Nothing but the pictures is dropped; write out all the remaining data below exactly.

━━ Information provided ━━

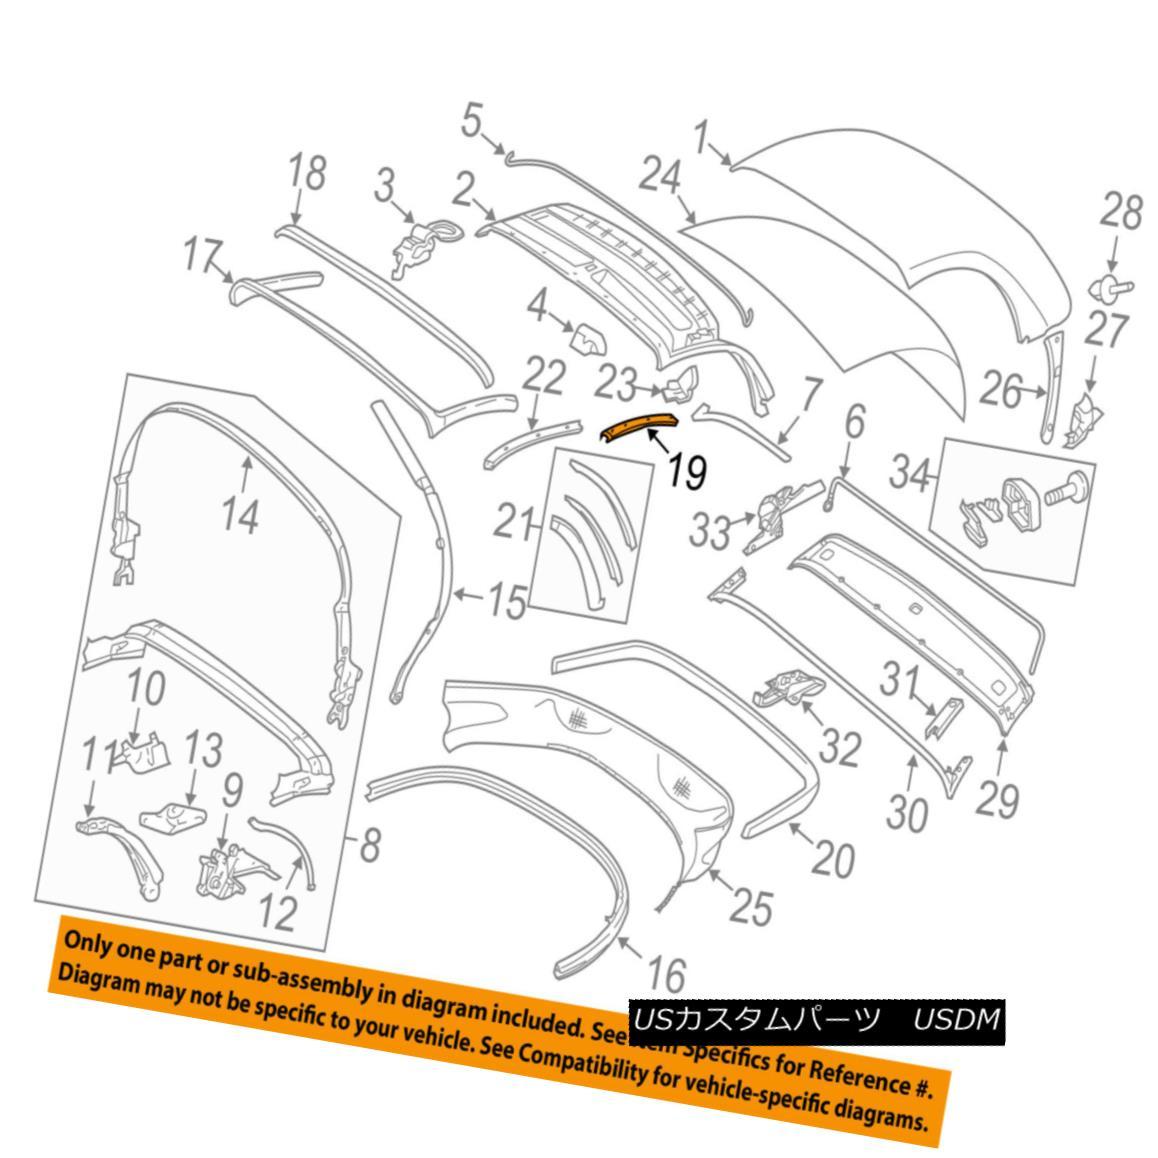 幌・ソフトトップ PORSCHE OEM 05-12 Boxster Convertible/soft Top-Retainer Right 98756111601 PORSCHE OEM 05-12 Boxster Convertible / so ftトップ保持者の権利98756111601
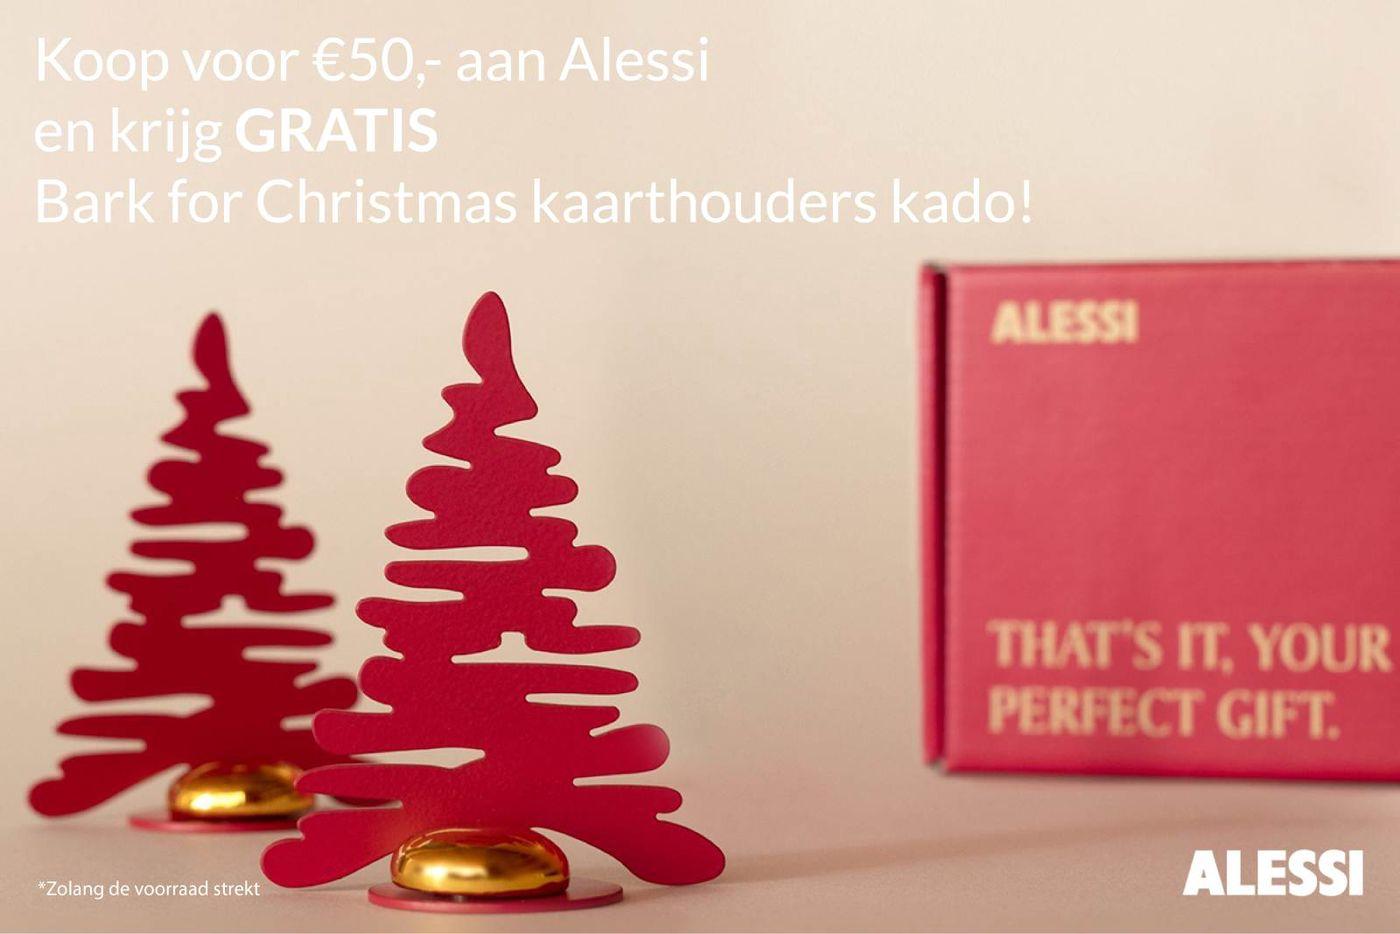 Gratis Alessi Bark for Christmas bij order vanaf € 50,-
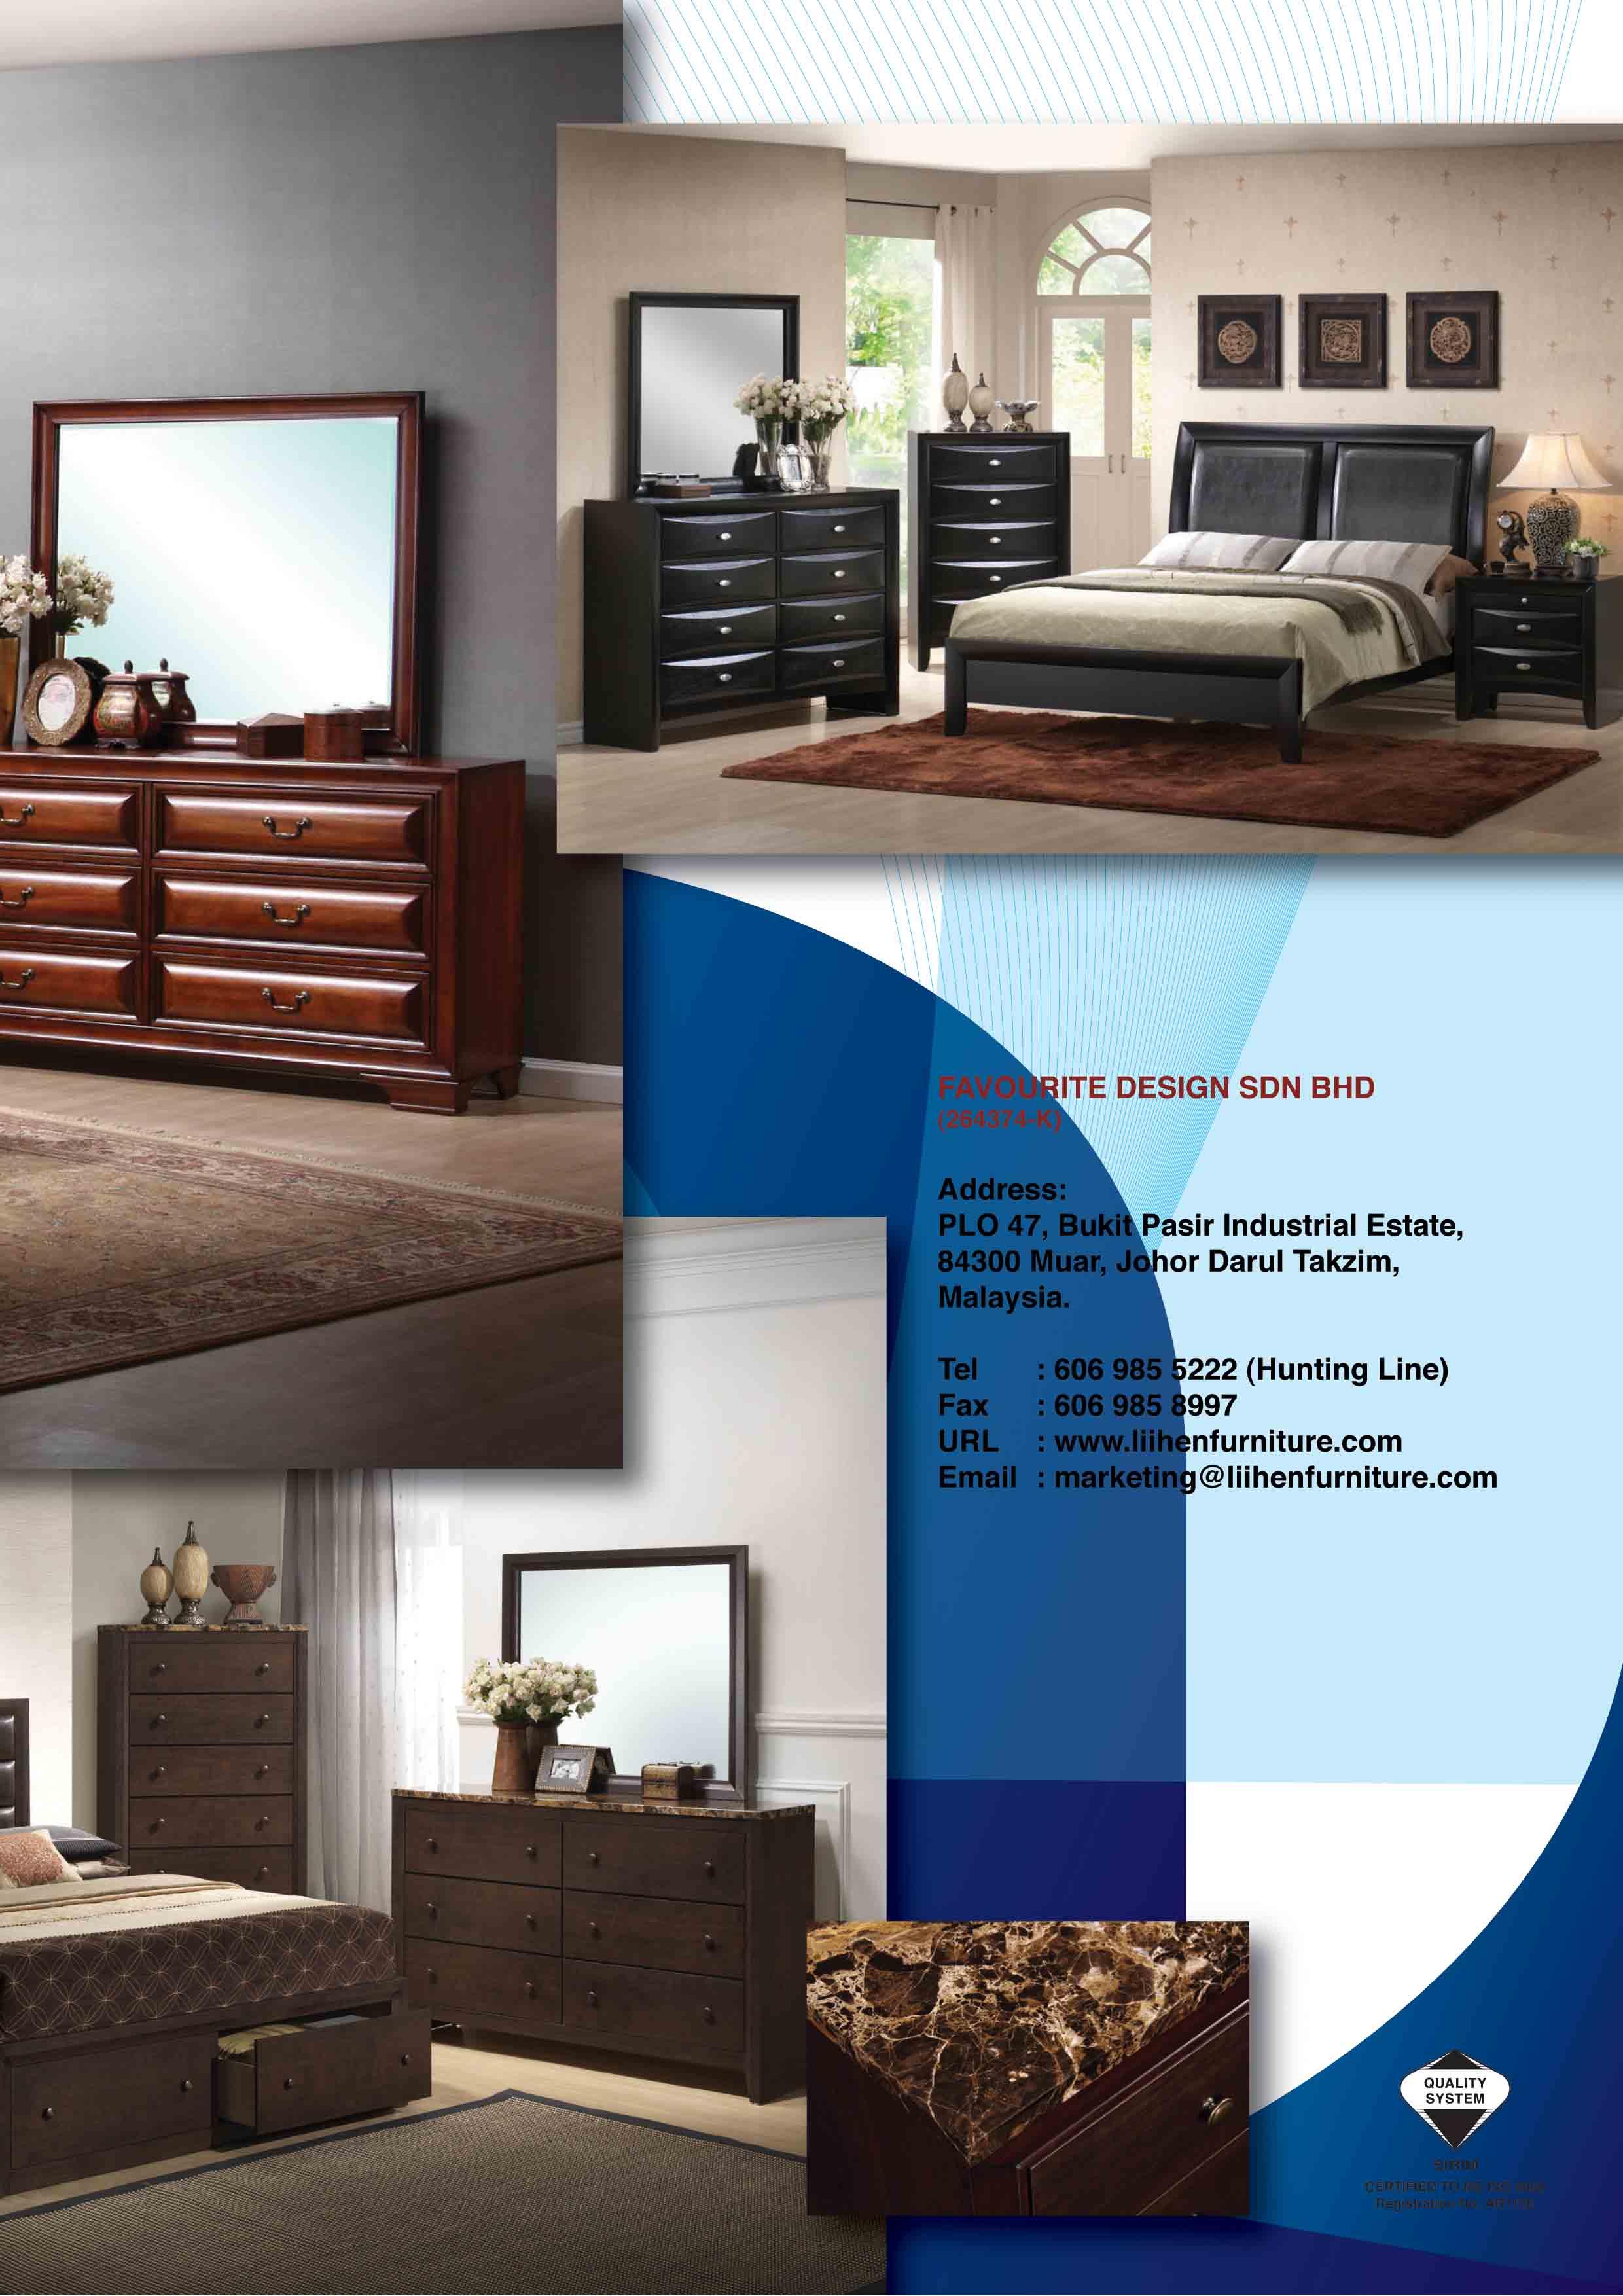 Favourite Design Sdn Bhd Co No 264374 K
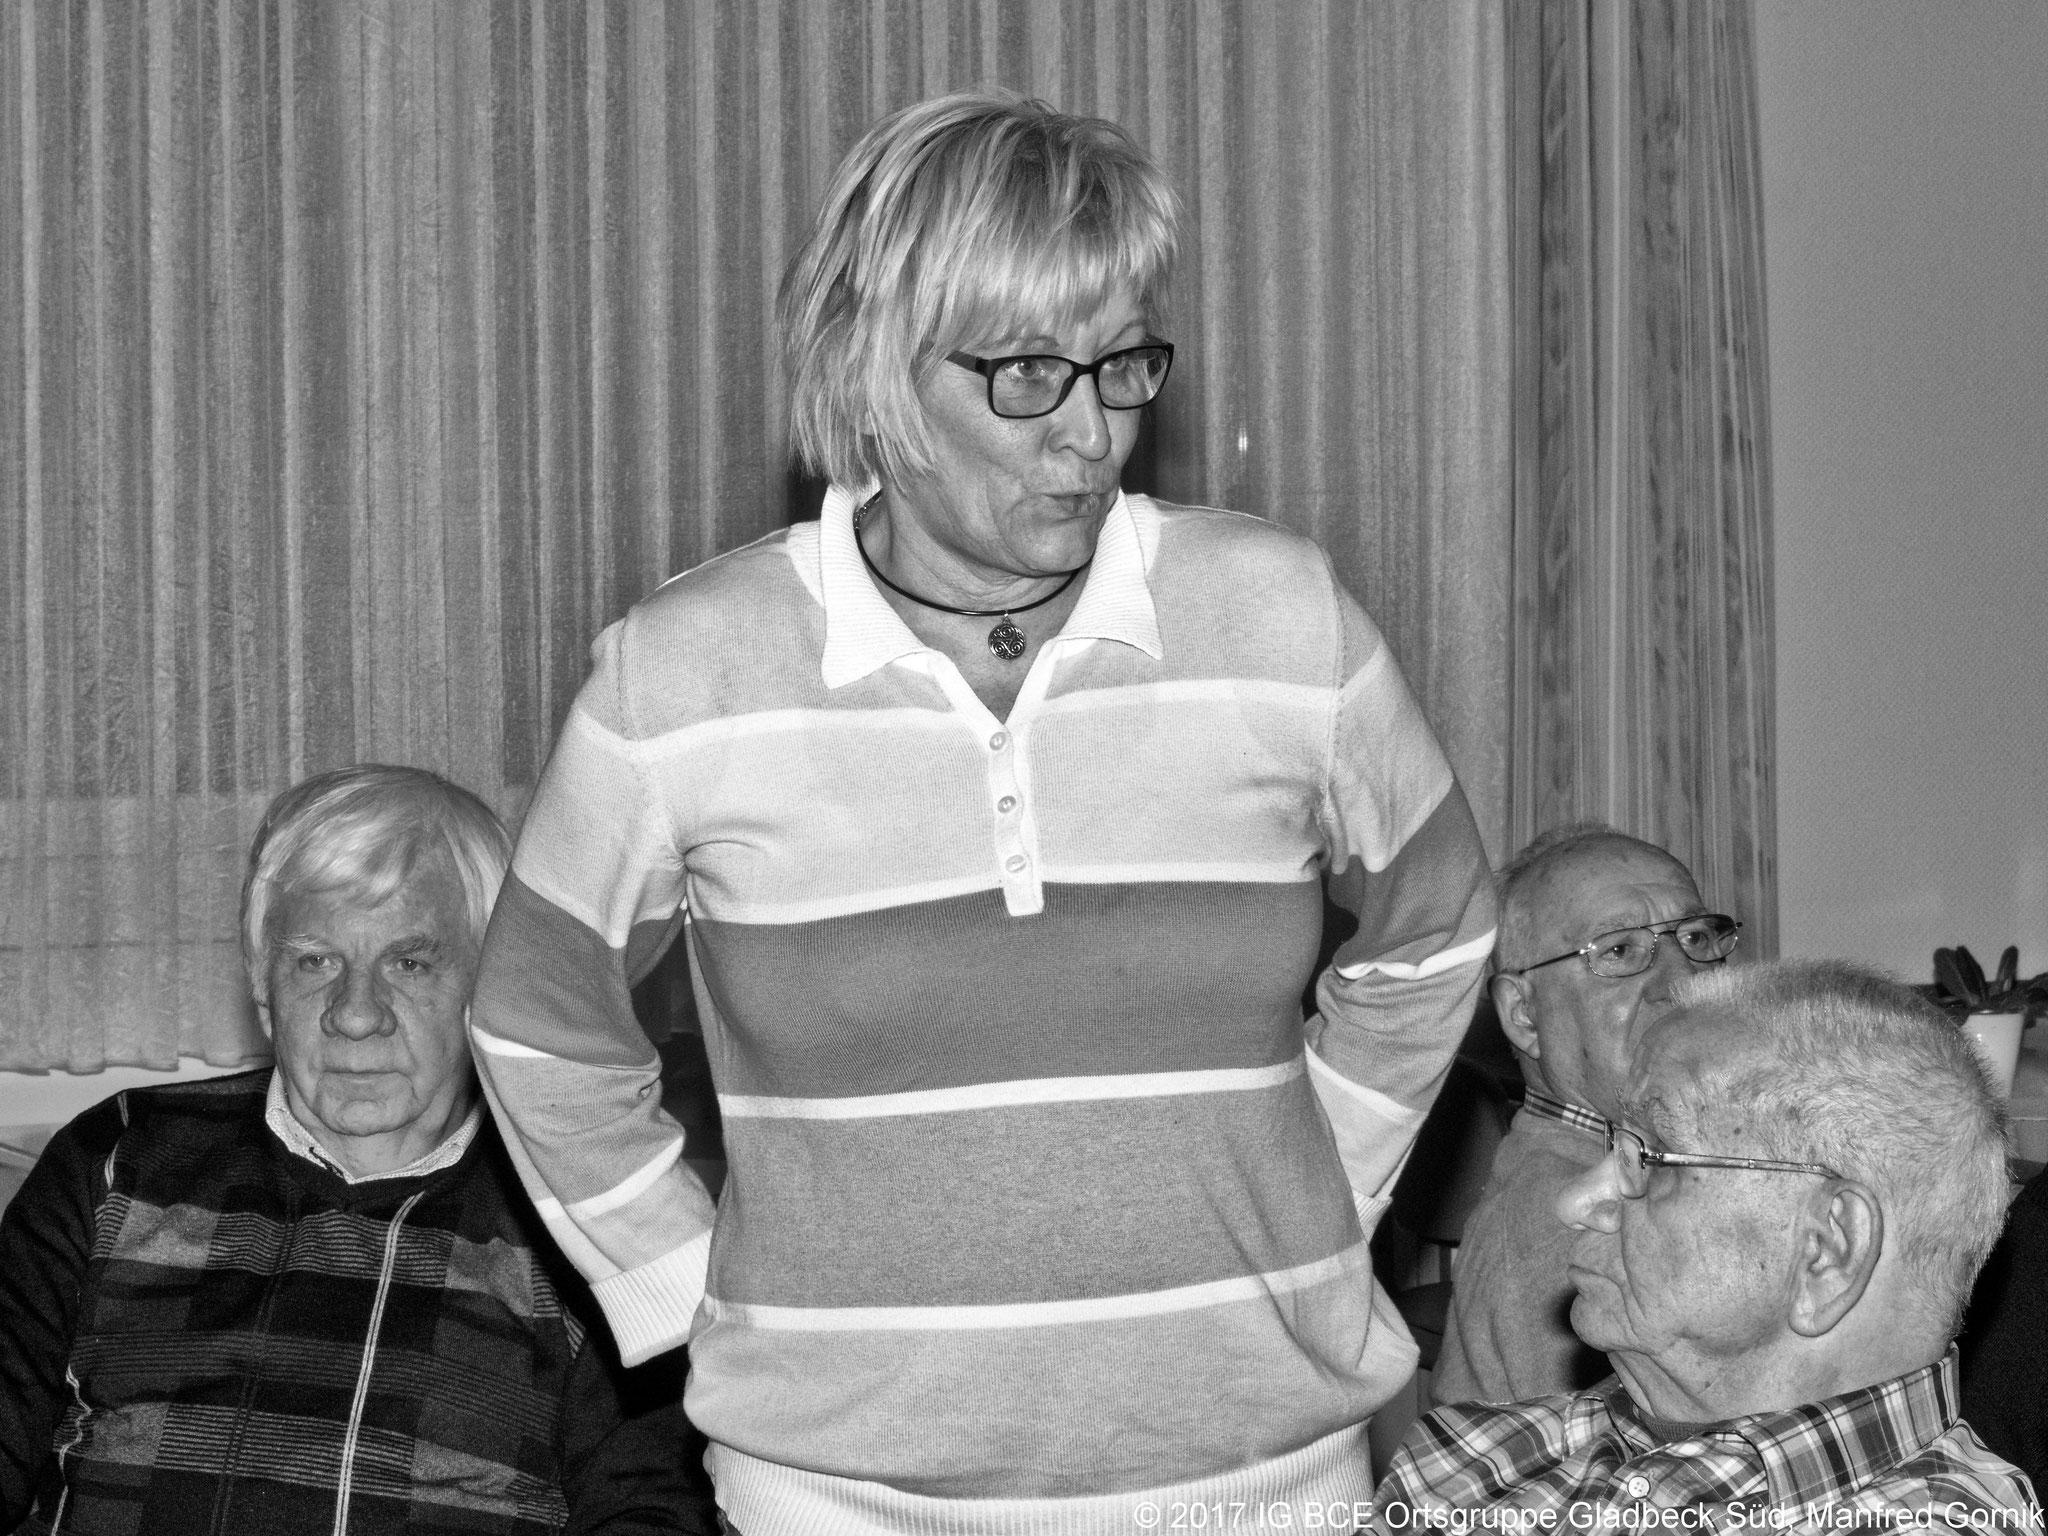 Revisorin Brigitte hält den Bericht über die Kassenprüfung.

━━━

• _Your response_:
 幌・ソフトトップ PORSCHE OEM 05-12 Boxster Convertible/soft Top-Retainer Right 98756111601 PORSCHE OEM 05-12 Boxster Convertible / so ftトップ保持者の権利98756111601
 Gratis Alessi Bark for Christmas bij order vanaf € 50,-
 Favourite Design Sdn Bhd Co No 264374 K
 Revisorin Brigitte hält den Bericht über die Kassenprüfung.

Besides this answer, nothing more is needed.